The research is sponsored by an NIH grant.

Insight

Finding a Voice
Complex math problems have no doubt left more than one person speechless. But what if those very math approaches could solve issues related to the voice? Haoxiang Luo, who holds dual appointments as associate professor of mechanical engineering and otolaryngology, is using complex mathematical computations to explore how air coming out of the lungs interacts with the vocal cords in producing sounds.

As Luo advances understanding of how the voice operates, new opportunities arise for treating benign lesions and scarring on the vocal fold. Luo’s three-dimensional modeling is expected to yield additional treatments, diagnoses and medical research.

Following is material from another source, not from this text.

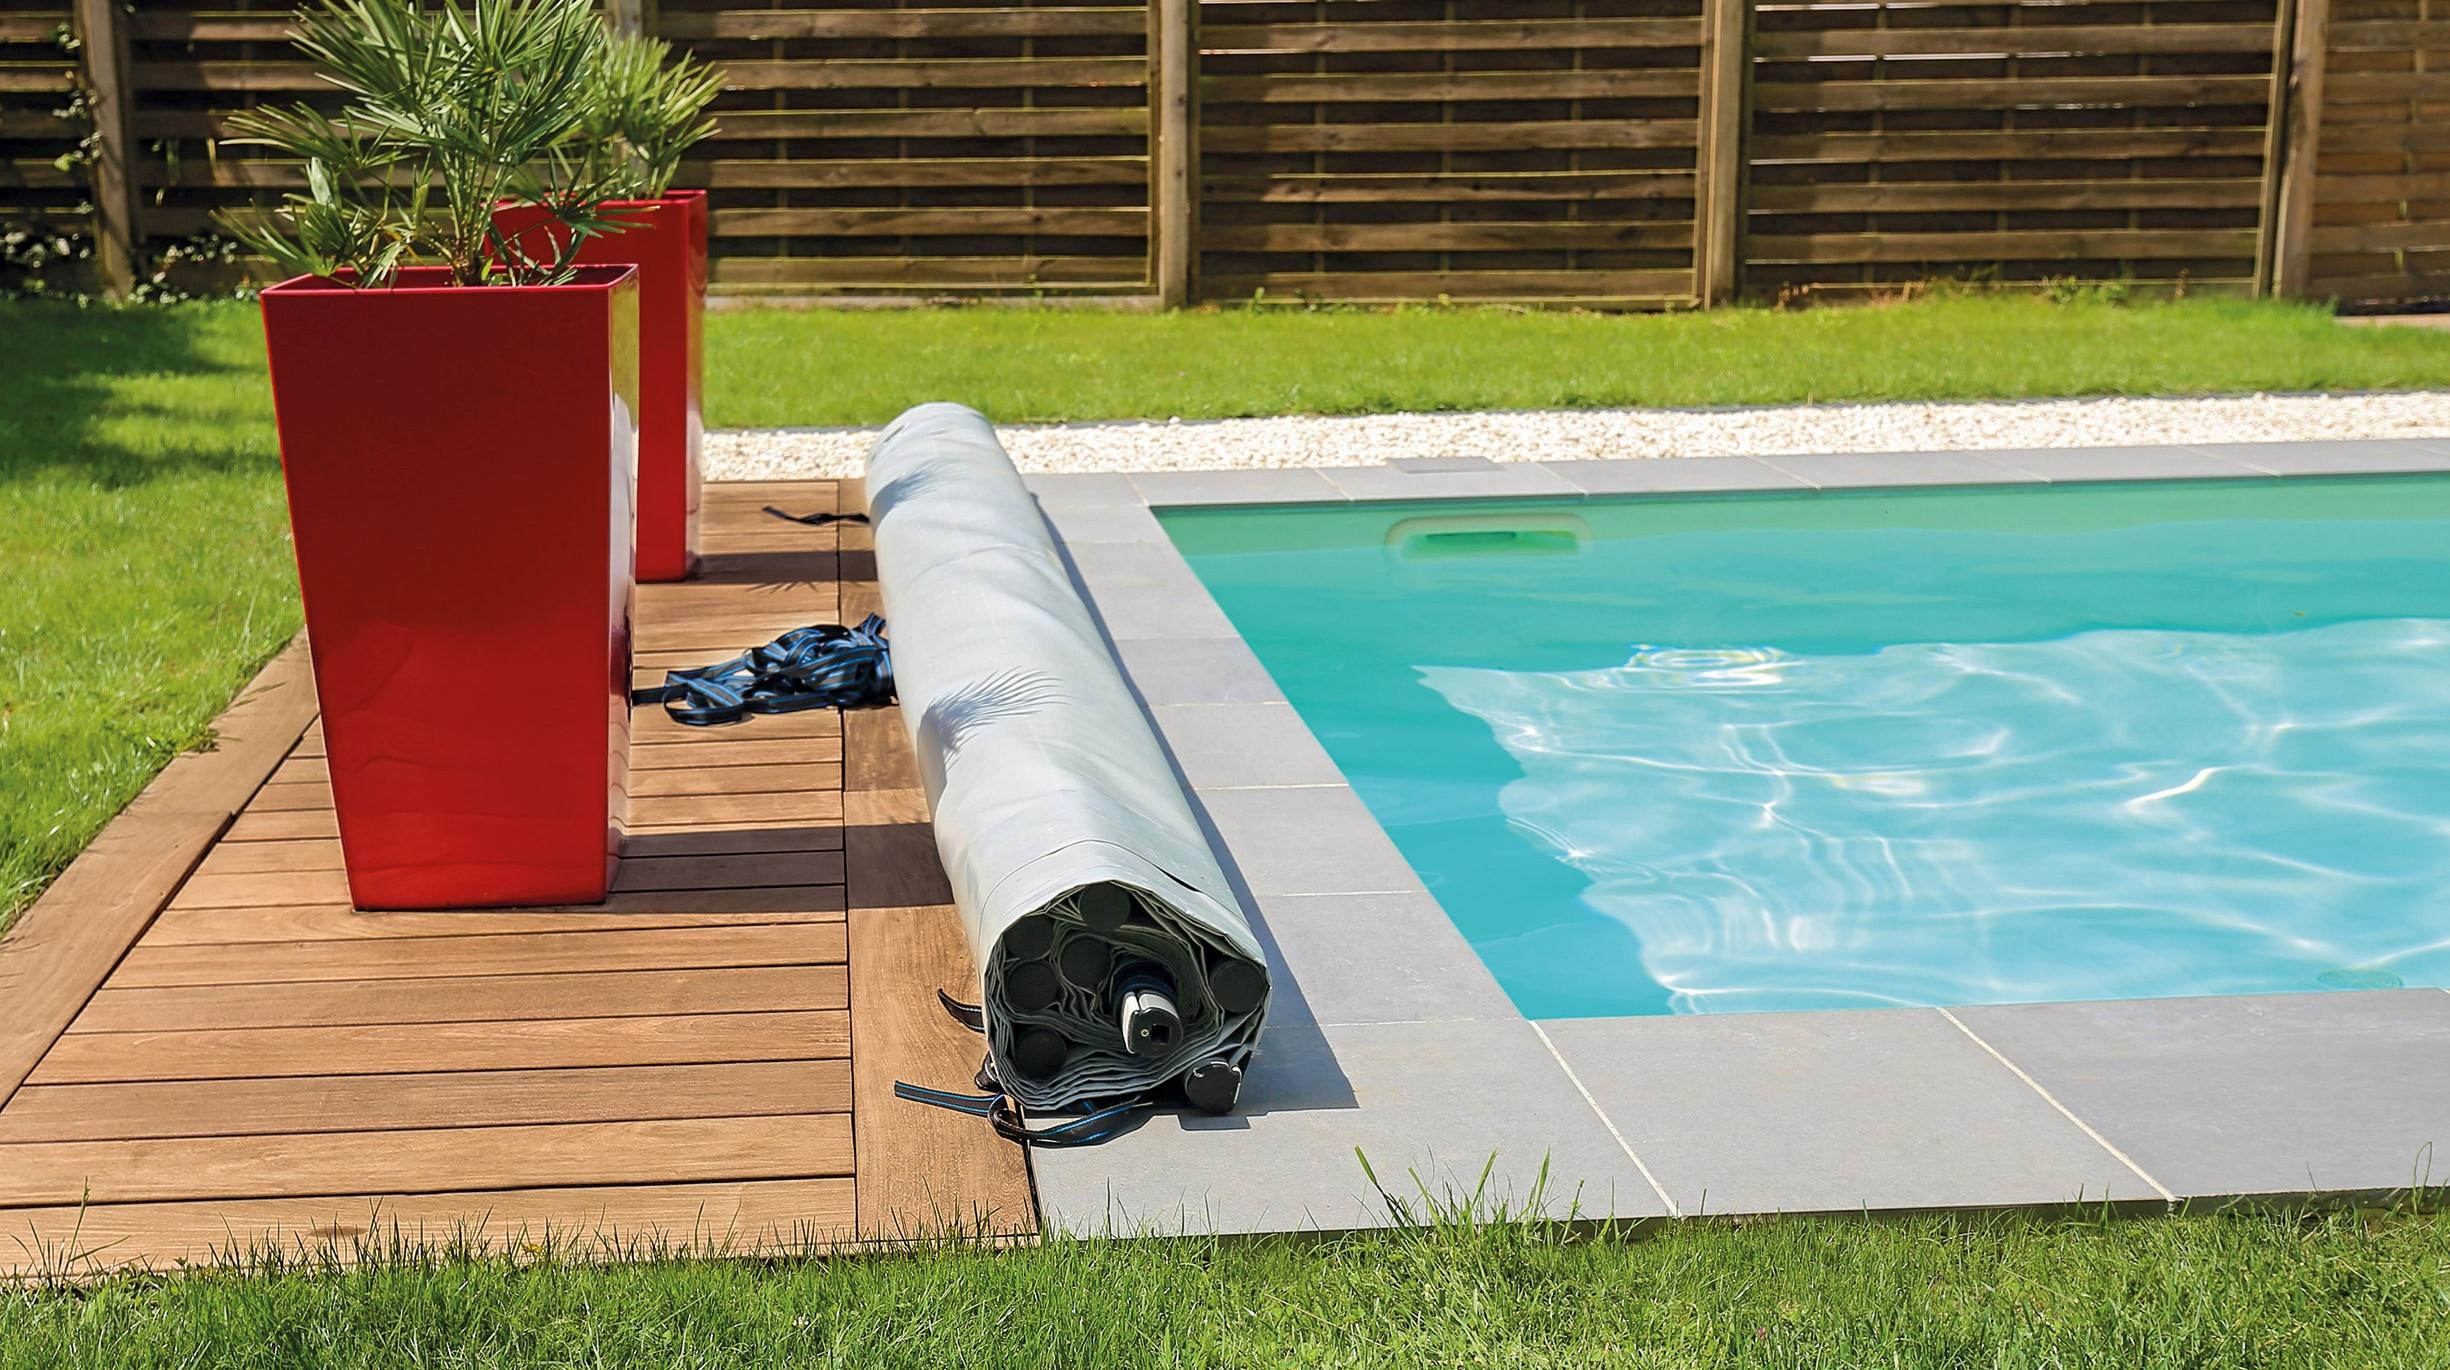 hivernage Quel système de filtration choisir pour sa piscine coque ?

Much of the work is conducted through the school’s Multiscale Modeling and Simulation research group, of which Luo is a member.

He takes the collaborative research another step by helping train graduate and undergraduate students how to use multiphysics modeling to better understand the interaction of fluids, thermal, structures and electricity. Luo’s work in vocal dynamics builds upon his computational work modeling the flow-structure of insect flight. That work earned him the National Science Foundation’s Early Career Development Program award in 2010.

The research is conducted in collaboration with Purdue University and is funded by National Science Foundation grant 1066962. It is also supported by an NIH grant led by Bernard Rousseau, associate professor of otolaryngology and hearing and speech sciences in the Vanderbilt School of Medicine.